May 29, 2024

Whitehouse Reups Call for Passage of SCERT Act Following Alito Refusal to Recuse from January 6th Cases Despite MAGA Battle Flags Having Flown From His Homes

Washington, DC – U.S. Senator Sheldon Whitehouse (D-RI), Chair of the Judiciary Subcommittee on Federal Courts, today responded to Supreme Court Justice Samuel Alito’s letter addressed to Senate Majority Whip Dick Durbin (D-IL) and Whitehouse, in which Justice Alito refused to recuse from cases related to the January 6th insurrection, despite the display of MAGA battle flags at two of his homes.

“Justice Alito’s story conflicts with the accounts of other people involved, and the Supreme Court — uniquely in all of government — has no mechanism for getting to the truth.  If the Court won’t create one, then we need to, and my SCERT Act would do that,” said Whitehouse.

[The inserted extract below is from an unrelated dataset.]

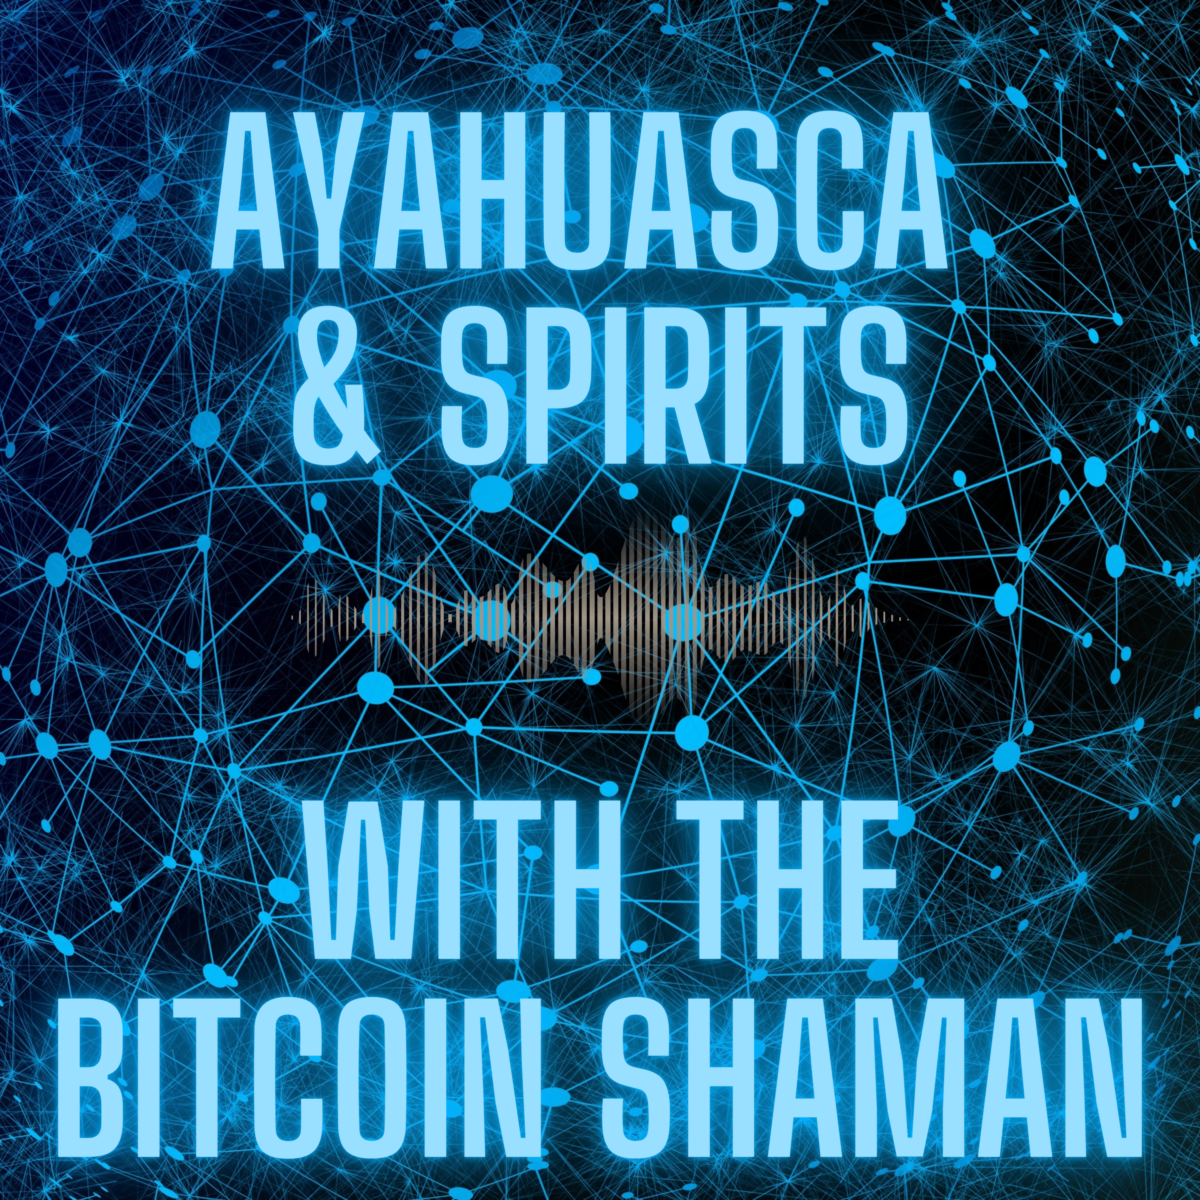 Ayahuasca and spirits with the Bitcoin Shaman

Two reports from The New York Times indicate that MAGA battle flags carried by insurrectionists at the Capitol on January 6th were flown at two of Justice Alito’s residences.  In a letter sent last week to Chief Justice John Roberts, Durbin and Whitehouse called on the Chief Justice to implement an enforceable code of conduct at the Court, and requested a meeting with the Chief Justice to discuss the Supreme Court’s worsening ethics crisis.  The letter also requested that the Chief Justice ensure Justice Alito recuses from cases related to the January 6th insurrection.

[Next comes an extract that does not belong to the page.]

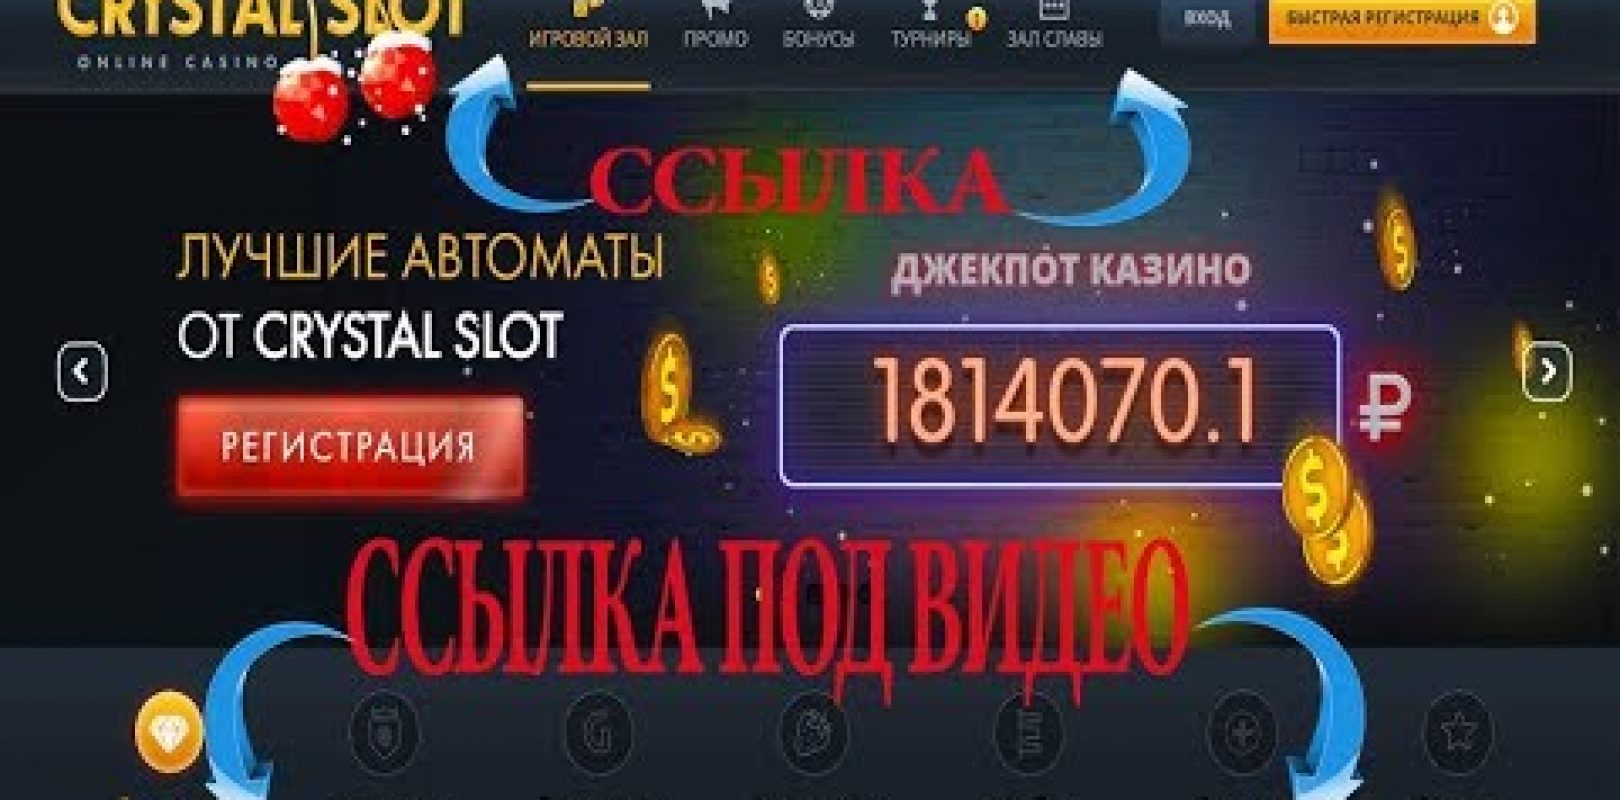 Latest highway casino bonus codes

Whitehouse’s Supreme Court Ethics, Recusal, and Transparency (SCERT) Act was advanced by the Senate Judiciary Committee last July.  The bill would require Supreme Court justices to adopt a binding code of conduct, create a mechanism to investigate alleged violations of the code of conduct and other laws, improve disclosure and transparency when a justice has a connection to a party or amicus before the Court, end the practice of justices ruling on their own conflicts of interests, and require justices to explain their recusal decisions to the public. 

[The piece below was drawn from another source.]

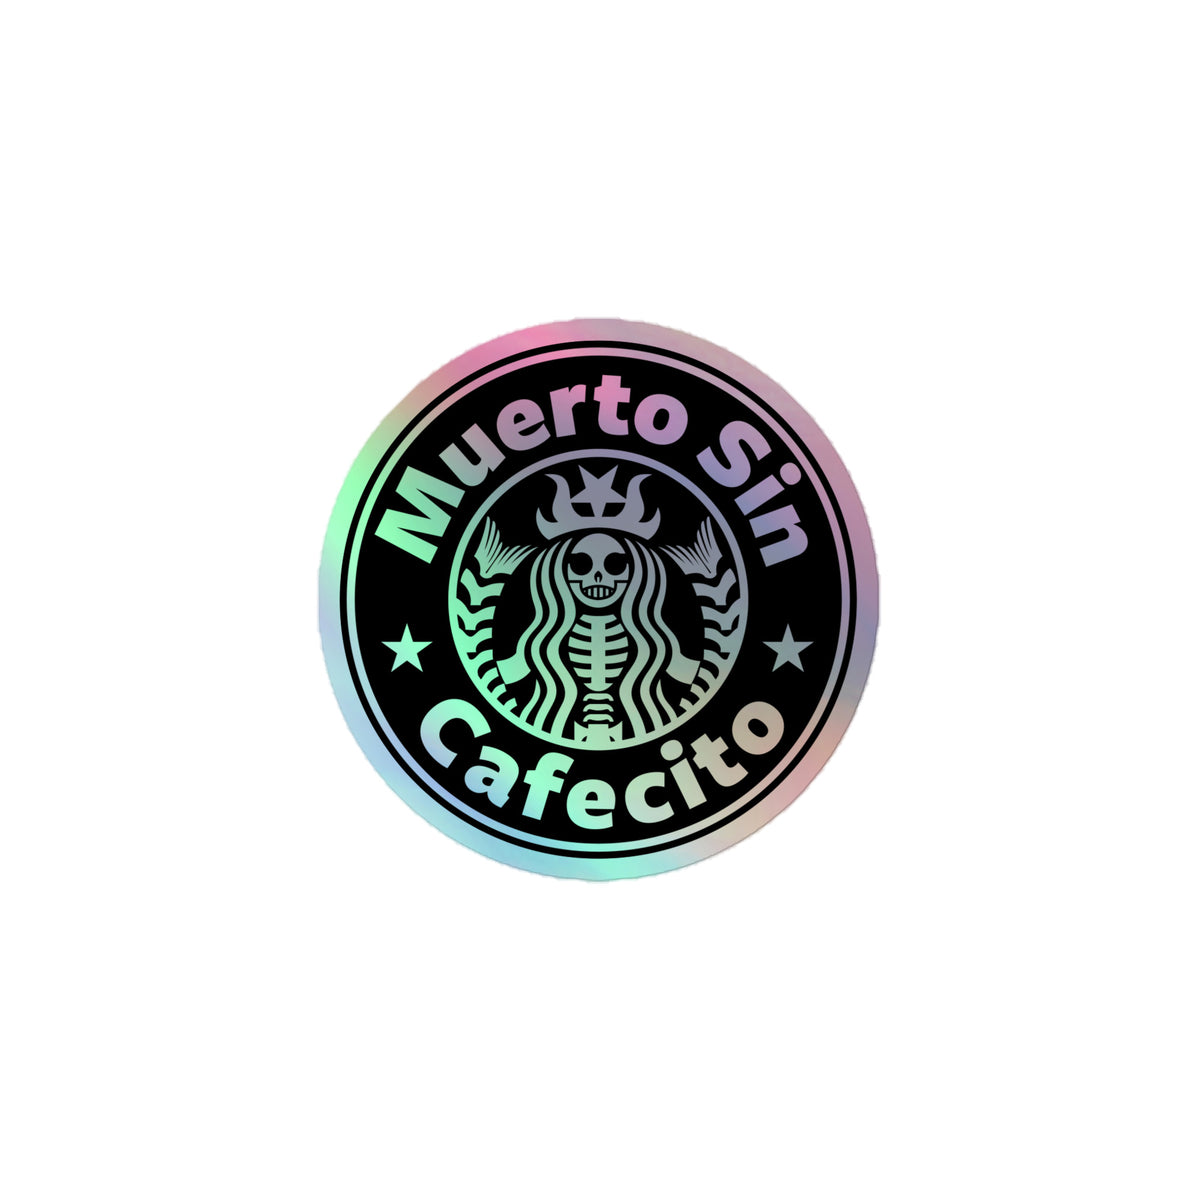 Muerto Sin Cafecito Holographic stickers

Congress has an appropriate and well-established role in oversight of the judiciary and updating ethics laws that apply to federal officials, including justices and judges.  Congress passed the Ethics in Government Act and judicial recusal law, which expressly apply to the justices.  Congress also created through statute the Judicial Conference, which administers financial disclosure laws for the entire judiciary.